The best practices will help you make the best of both worlds – Tableau and OBIEE through BI Connector.
- 1. Introduction
- 2. The 9 Best Practices of BI Connector
- 2.1. Know your OBIEE
- 2.2. Start with OBIEE Reports
- 2.3. Choose the right connection type
- 2.4. Apply Filters
- 2.5. Use GZID for Retaining OBIEE Subject Area joins
- 2.6. Stay within the schema
- 2.7. Fine-tune for long-running and large queries
- 2.8. Troubleshoot connectivity issues in a click
- 2.9. Uncheck the auto update worksheet
- 3. Conclusion
Oracle Business Intelligence Enterprise Edition (OBIEE) is a traditional BI platform used by enterprises for over a decade. One of OBIEE’s major drawbacks is its lack of self-service capabilities.

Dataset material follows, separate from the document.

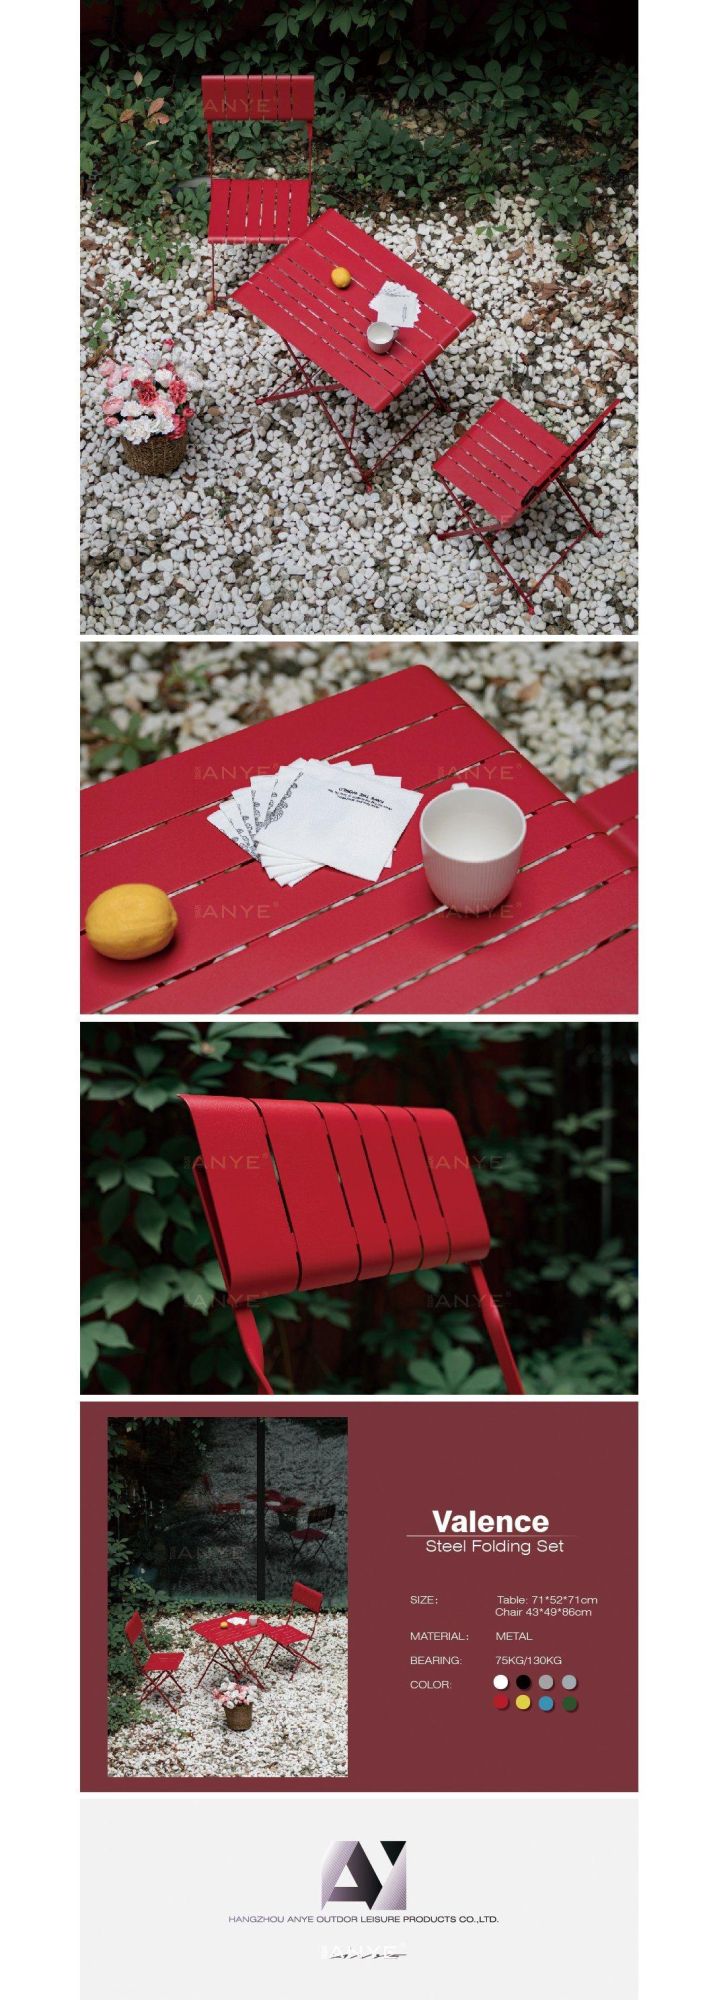 Durable Steel Slats Design Modern Folding Table and Chair Set Outdoor Garden Furniture

Many organizations complement OBIEE’s data visualization limitations by connecting self-service analytics tools such as Tableau to OBIEE in a bimodal approach.
Some organizations, despite moving to Oracle Analytics Cloud (OAC) are connecting Tableau to OAC as well, as a significant portion of the users are already well-acquainted with Tableau, and prefer sticking to it.
BI Connector, an ODBC-based connector, helps organizations connect Tableau to OBIEE and OAC securely and seamlessly, in minutes.
In this eBook, we’ll cover 9 simple best practices for connecting Tableau to OBIEE through BI Connector. These best practices were developed based on careful research and numerous interactions with many BI Connector users across a broad range of industries.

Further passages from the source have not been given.